You can use regexp_split_to_table(lower(film), ''), instead of unnest(string_to_array(lower(film), NULL)) (works in versions pre-9.1!), but it is typically a bit slower and performance degrades with long strings.
I use generate_series() to produce the [a-z0-9] as individual rows. And LEFT JOIN to the query, so every letter is represented in the result.
Use DISTINCT to count every film once.
Never worry about 1000 rows. That is peanuts for modern day PostgreSQL on modern day hardware.
A fairly simple solution which only requires a single table scan would be the following.
SELECT
'a', SUM( (title ILIKE '%a%')::integer),
'b', SUM( (title ILIKE '%b%')::integer),
'c', SUM( (title ILIKE '%c%')::integer)
FROM film
I left the other 33 characters as a typing exercise for you :)
BTW 1000 rows is tiny for a postgresql database. It's beginning to get large when the DB is larger then the memory in your server.
edit: had a better idea
SELECT chars.c, COUNT(title)
FROM (VALUES ('a'), ('b'), ('c')) as chars(c)
LEFT JOIN film ON title ILIKE ('%' || chars.c || '%')
GROUP BY chars.c
ORDER BY chars.c
You could also replace the (VALUES ('a'), ('b'), ('c')) as chars(c) part with a reference to a table containing the list of characters you are interested in.
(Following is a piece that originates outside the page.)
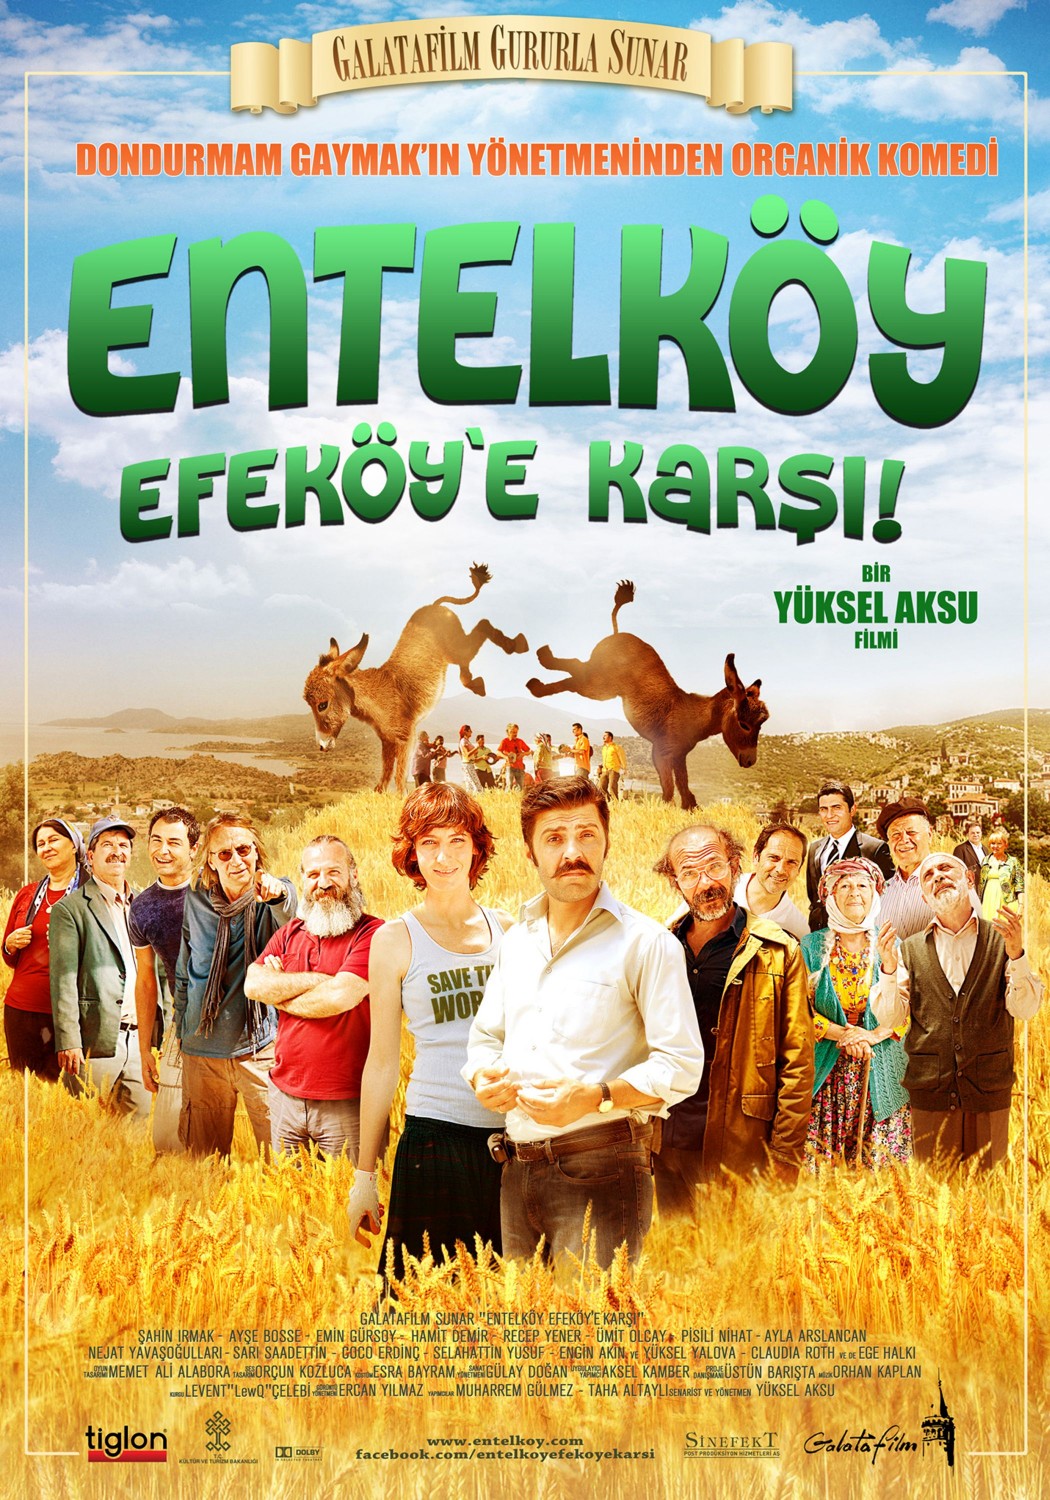 Extra Large Movie Poster Image for Entelköy Efeköy'e Karsi 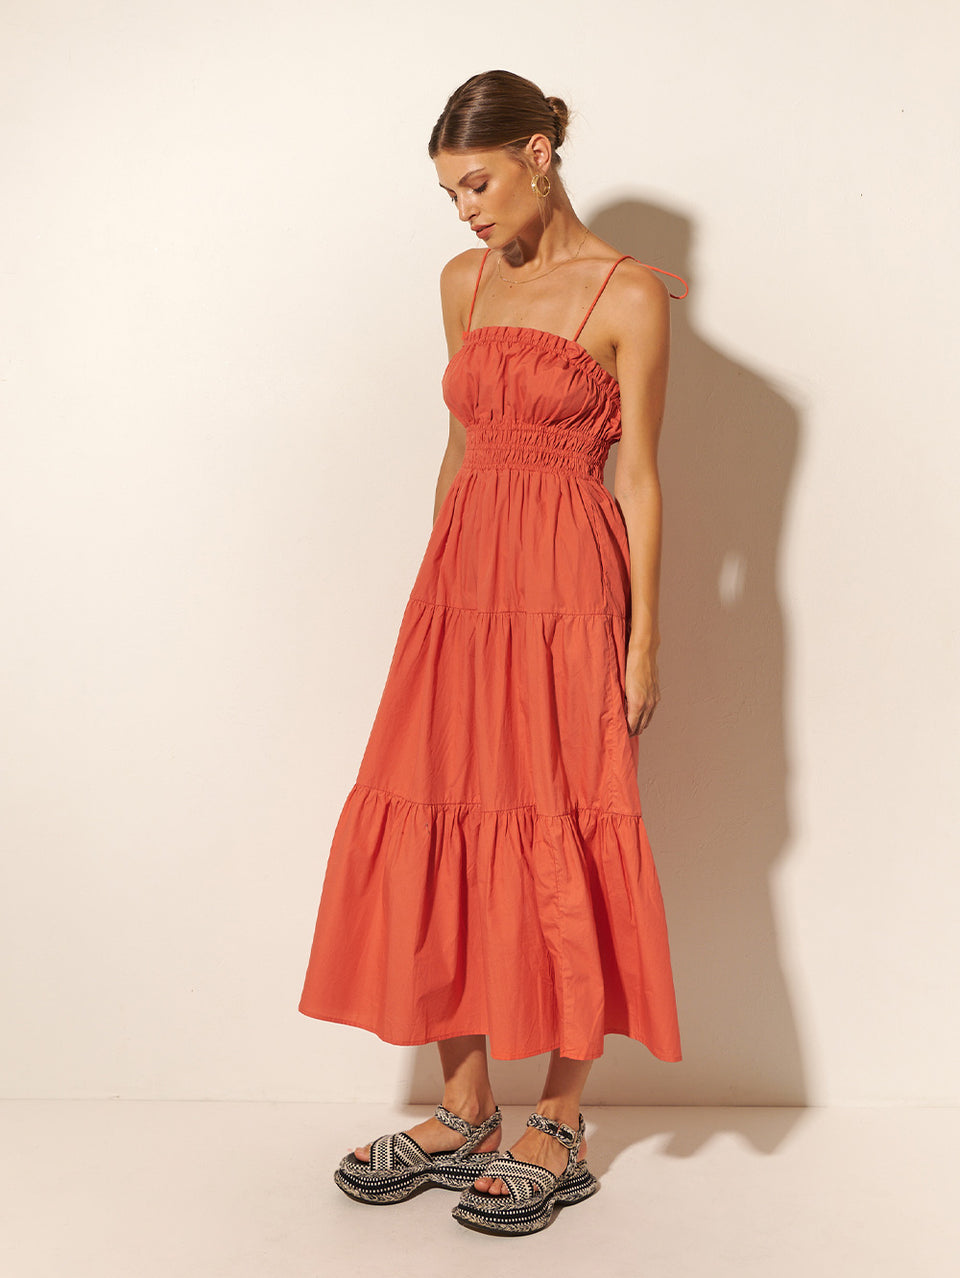 Studio model wears KIVARI Casini dress - a coral block colour dress with thin straps, elasticated waist and tiered skirt.

This will give you the result in a single row, with one column for each matching letter and digit.
SELECT
SUM(CASE WHEN POSITION('a' IN filmname) > 0 THEN 1 ELSE 0 END) AS "A",
SUM(CASE WHEN POSITION('b' IN filmname) > 0 THEN 1 ELSE 0 END) AS "B",
SUM(CASE WHEN POSITION('c' IN filmname) > 0 THEN 1 ELSE 0 END) AS "C",
...
SUM(CASE WHEN POSITION('z' IN filmname) > 0 THEN 1 ELSE 0 END) AS "Z",
SUM(CASE WHEN POSITION('0' IN filmname) > 0 THEN 1 ELSE 0 END) AS "0",
SUM(CASE WHEN POSITION('1' IN filmname) > 0 THEN 1 ELSE 0 END) AS "1",
...
SUM(CASE WHEN POSITION('9' IN filmname) > 0 THEN 1 ELSE 0 END) AS "9"
FROM films;
A similar approach like Erwins, but maybe more comfortable in the long run:
Create a table with each character you're interested in:
CREATE TABLE char (name char (1), id serial);
INSERT INTO char (name) VALUES ('a');
INSERT INTO char (name) VALUES ('b');
INSERT INTO char (name) VALUES ('c');
Then grouping over it's values is easy:
SELECT char.name, COUNT(*)
FROM char, film
WHERE film.name ILIKE '%' || char.name || '%'
GROUP BY char.name
ORDER BY char.name;
Don't worry about ILIKE.
I'm not 100% happy about using the keyword 'char' as table title, but hadn't had bad experiences so far. On the other hand it is the natural name. Maybe if you translate it to another language - like 'zeichen' in German, you avoid ambiguities.